|A Human Rights-based Approach to HIV Prevention. AIDS 2010|
A human rights-based approach to mitigating the extent and effects of the AIDS epidemic, and promoting universal access to HIV services is critical. Although there has been notable progress in many areas, punitive laws, policies, practices, stigma and discrimination continue to undermine the achievement of universal access targets including access to prevention for those who need it and the MDGs related to the right to health.
Given the 2010 deadline for universal access set by world leaders, AIDS 2010 is a major push for expanded access to HIV prevention, treatment, care and support.

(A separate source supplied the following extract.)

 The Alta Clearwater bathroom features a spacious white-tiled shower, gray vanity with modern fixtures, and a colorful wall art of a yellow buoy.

XVIII International HIV/AIDS ConferenceThe AIDS 2010 programme presents new scientific knowledge and offer many opportunities for structured dialogue on the major issues facing the global response to HIV.

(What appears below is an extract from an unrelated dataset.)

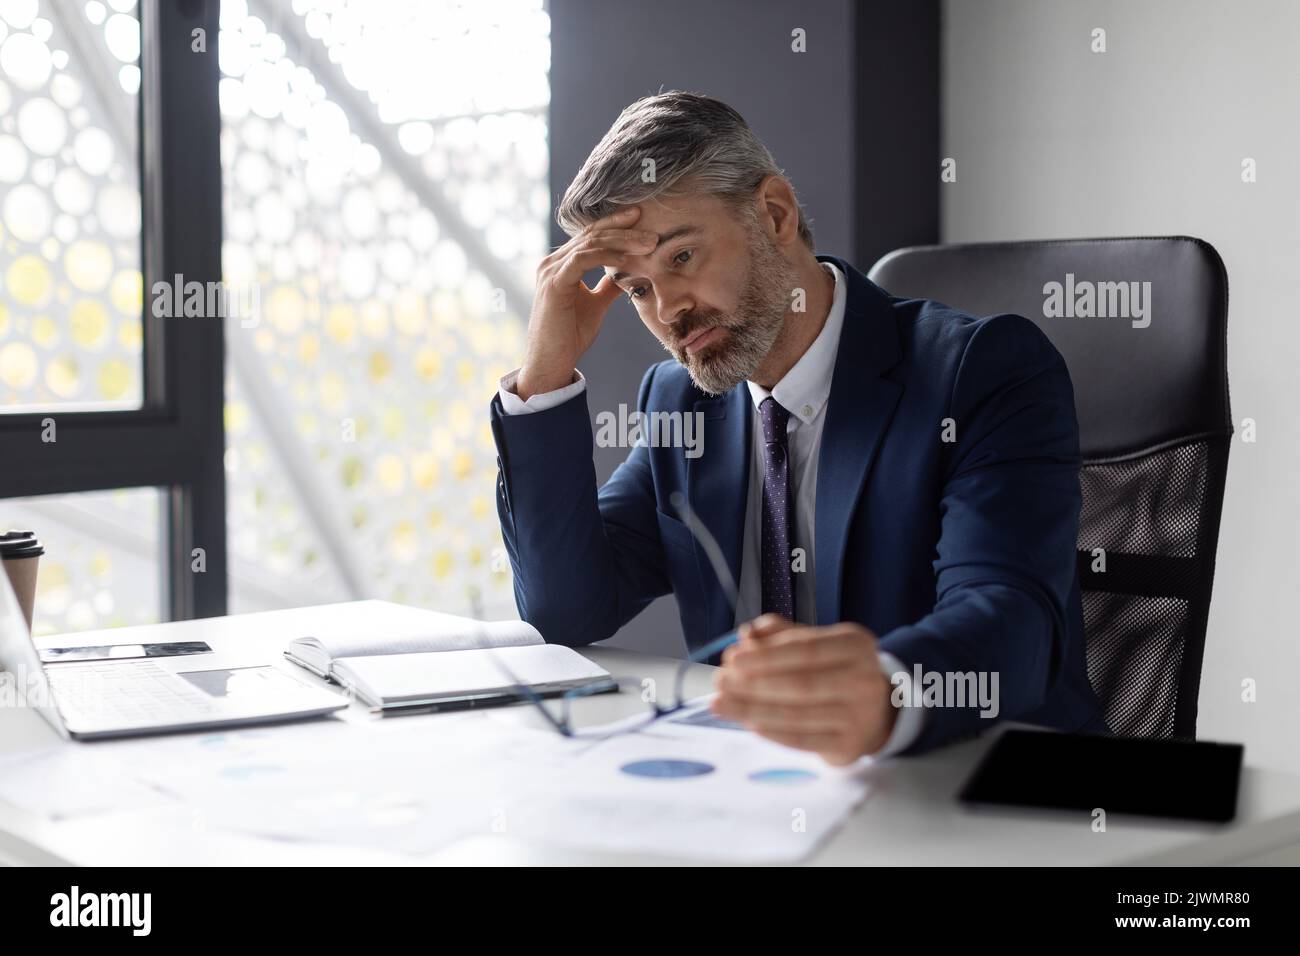 Entrepreneurship Crisis. Depressed Middle Aged Businessman Sitting At Workplace In Office Stock Photo

How we can effectively scale up evidence-informed and human rights-based laws, policies and programmes in support of a ‘prevention revolution’ to break the trajectory of the epidemic. Panelists from governments, civil society and the UN presents their views on whether we have used human rights analysis effectively to move forward in achieving Universal Access to prevention, treatment, and care and support services.
Vienna, Austria. 18 July 2010
Global Village Session.
It can safely be said that a critical and perhaps initial step towards Universal Access has been taken by rights-holders who by claiming their human right to the enjoyment of the highest attainable standard of health -“right to health” - which includes obligations and measures to guarantee prevention, treatment and care - have succeeded in making this human right and other related human rights a reality to themselves and to many others. Those claims have been strongly supported by international and regional Human Rights treaty bodies, committees and special rapporteurs by requesting duty-bearers (mainly Governments) to honor the international treaties and agreements their countries have subscribed to. Whether by strong conviction or as a result of resources interposed before human rights 'duty-bearers’ the response is in many instances supportive of and conducive to the achievements of the Universal Access targets.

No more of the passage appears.